2. People find an astonishing variety of ways and methods to not credit the people doing the work. Whether that is referring to specific individuals generically as Black women, or skipping entire parts of the story, there is this continued refusal to talk to the experts, and therefore a continued failure to improve things.
The article has a reference to Black women being the canary in the coal mine. The canaries are important, but they pay with their lives.
Black women are targeted with abuse. Sometimes it is intentional, where internet trolls test things out on Black women first, because they know they will face fewer obstacles that way. That is more obviously cynical and evil
It works because too often the people who are supposed to be good won't listen and won't take it seriously. We won't be the obstacles, and so the deliberate harm is not stopped; it flourishes.
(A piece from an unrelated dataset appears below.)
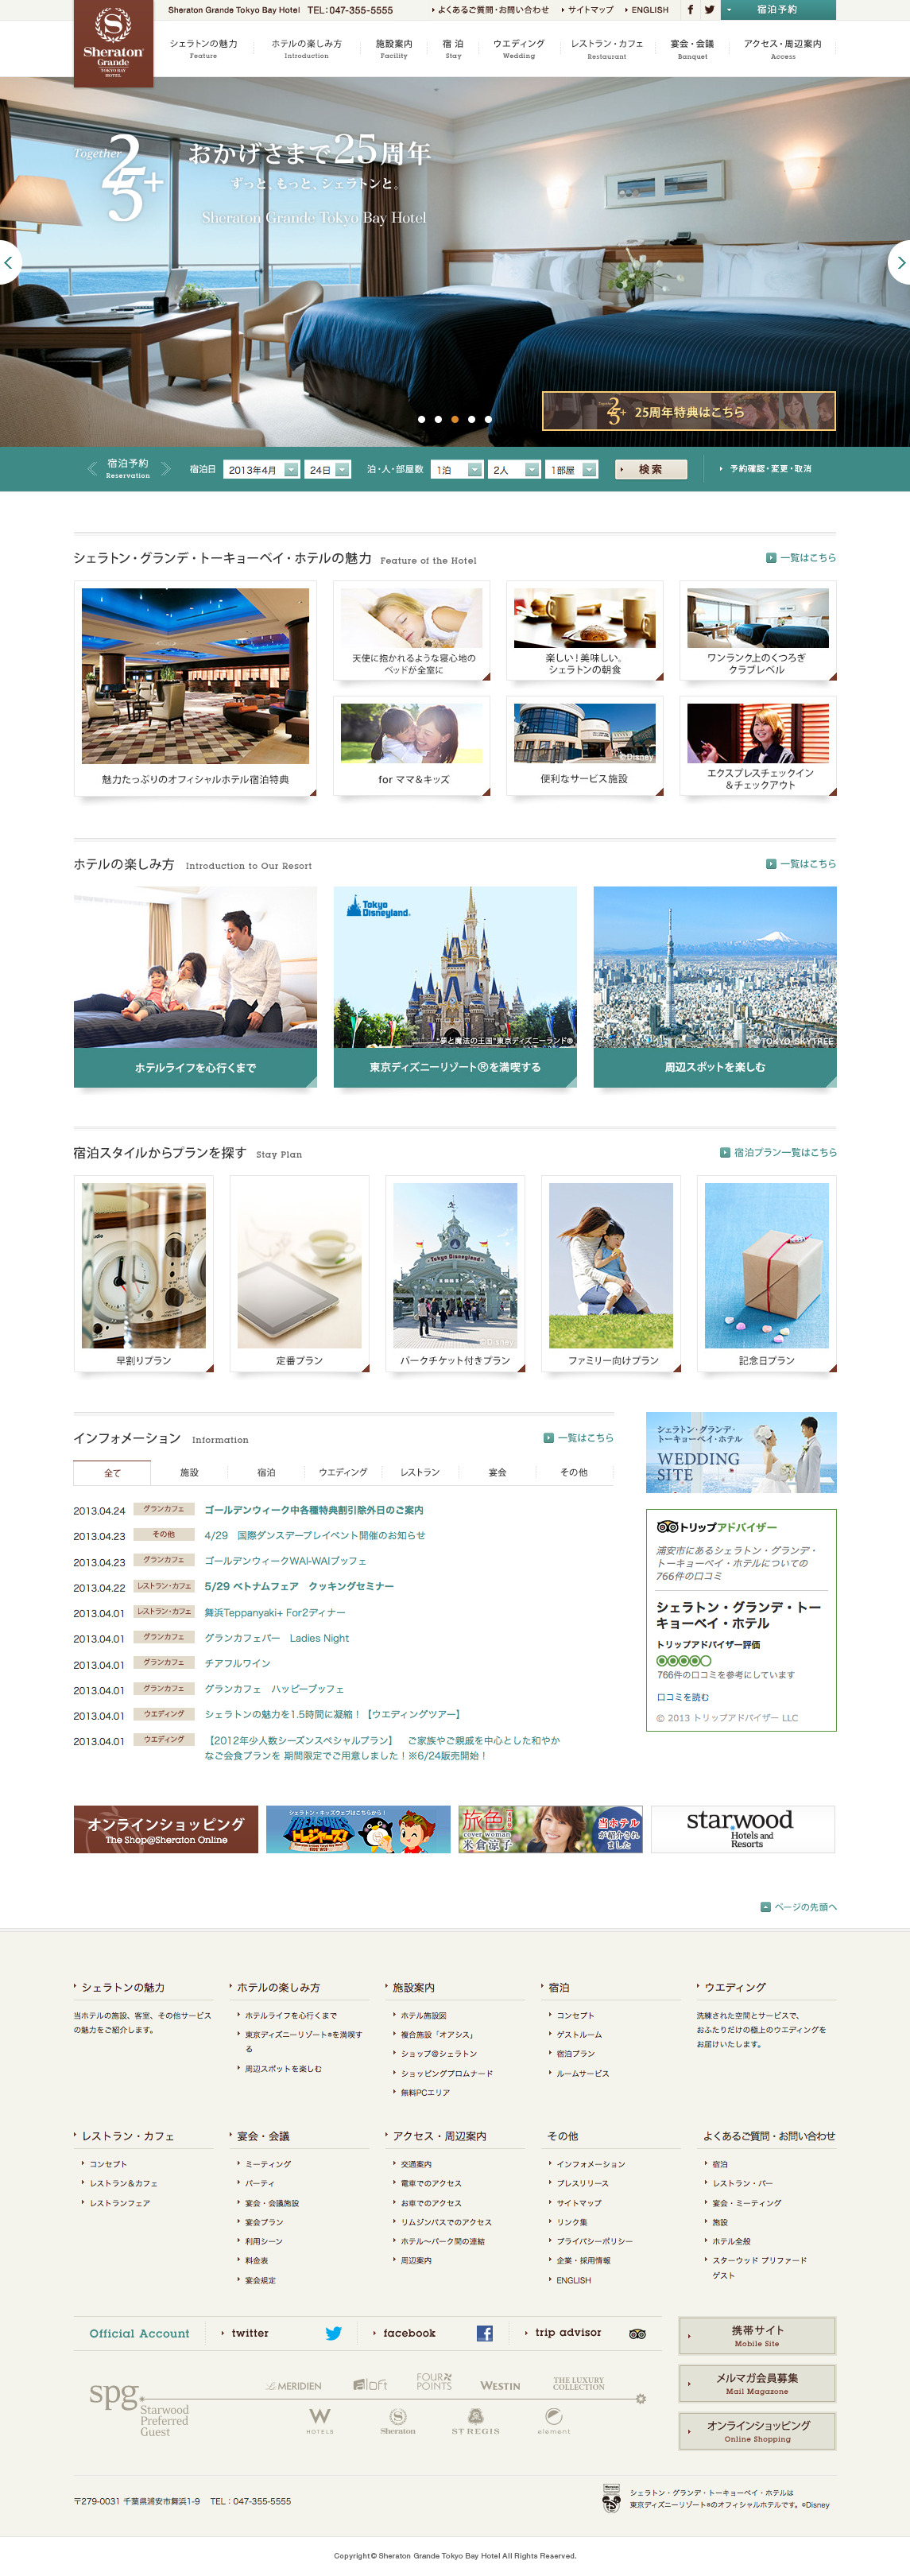 舞浜シェラトン・グランデ・トーキョーベイ・ホテル 東京ディズニーリゾートオフィシャルホテル
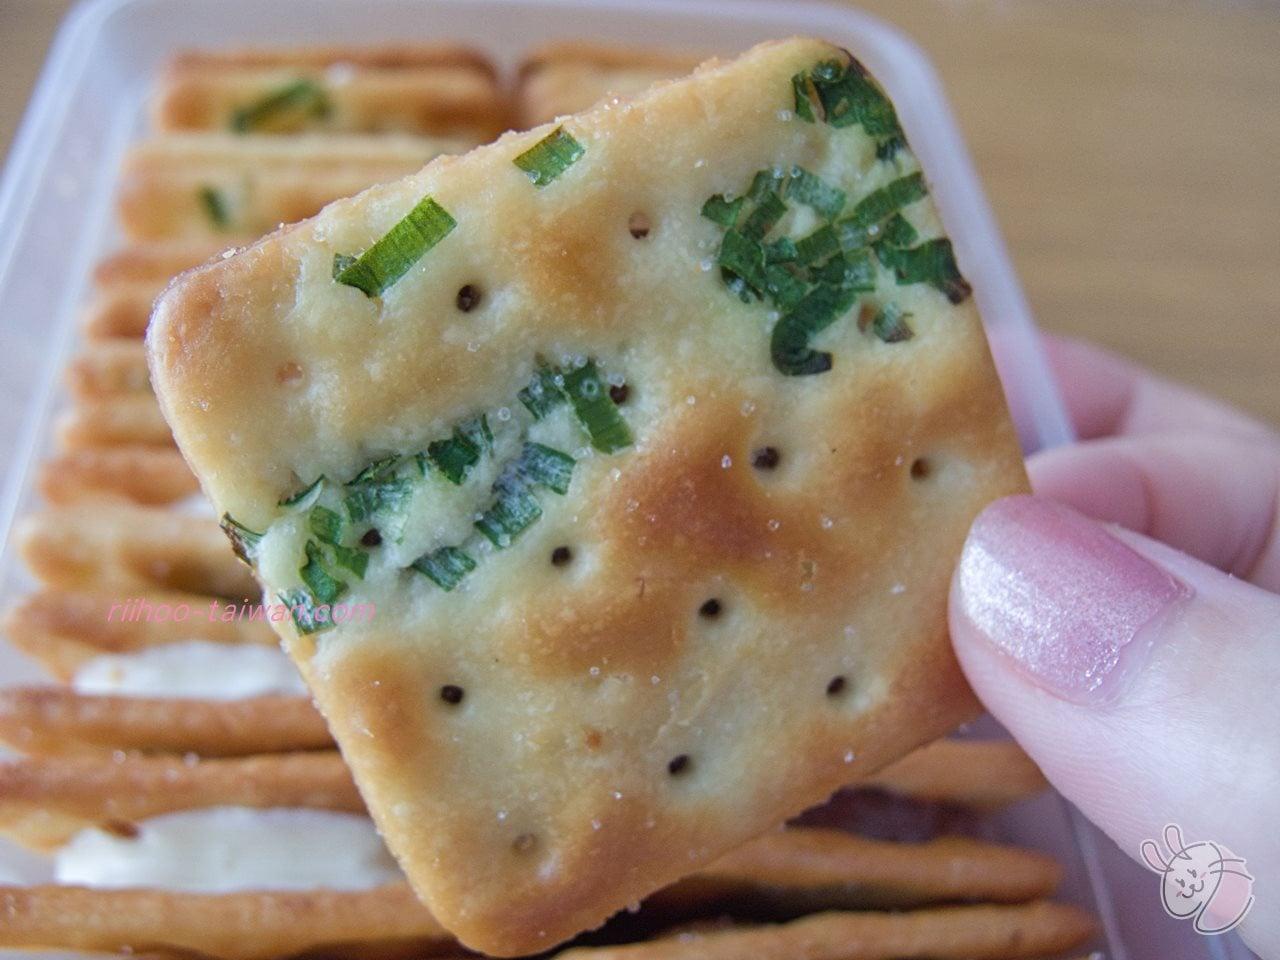 佳徳糕餅(ChiaTe)  葱軋餅 葱入りクラッカーの表面には、塩のつぶつぶ

So perhaps in feminist circles Black and Latina women report abuse by one gender studies professor, but it gets shushed and ignored until his abuse spreads so far (and to white victims) that it can't be ignored. And we get Russian election interference, and continue to get bad health and environmental outcomes, and journalism that misses really important points. There are so many things that we get wrong simply by not listening.
"Good" people have to do better. Tomorrow I hope to give some ideas for that.
October 17, 2020
Deja was fridged
I mentioned that when John Singleton directed really stupid films (which he made fun) they had other writers. Allow me to specify that those movies are Rosewood, Four Brothers, Abduction, and - to a lesser extent - 2 Fast 2 Furious, because that one did what it was supposed to do. I can't argue with that.
I'm also not going to pick on Abduction too much. Once someone decides that they want to do a mashup of The Face on the Milk Carton and The Bourne Identity and cast Taylor Lautner in it, then you just have to be glad that Singleton was the director, because it probably could have been much worse.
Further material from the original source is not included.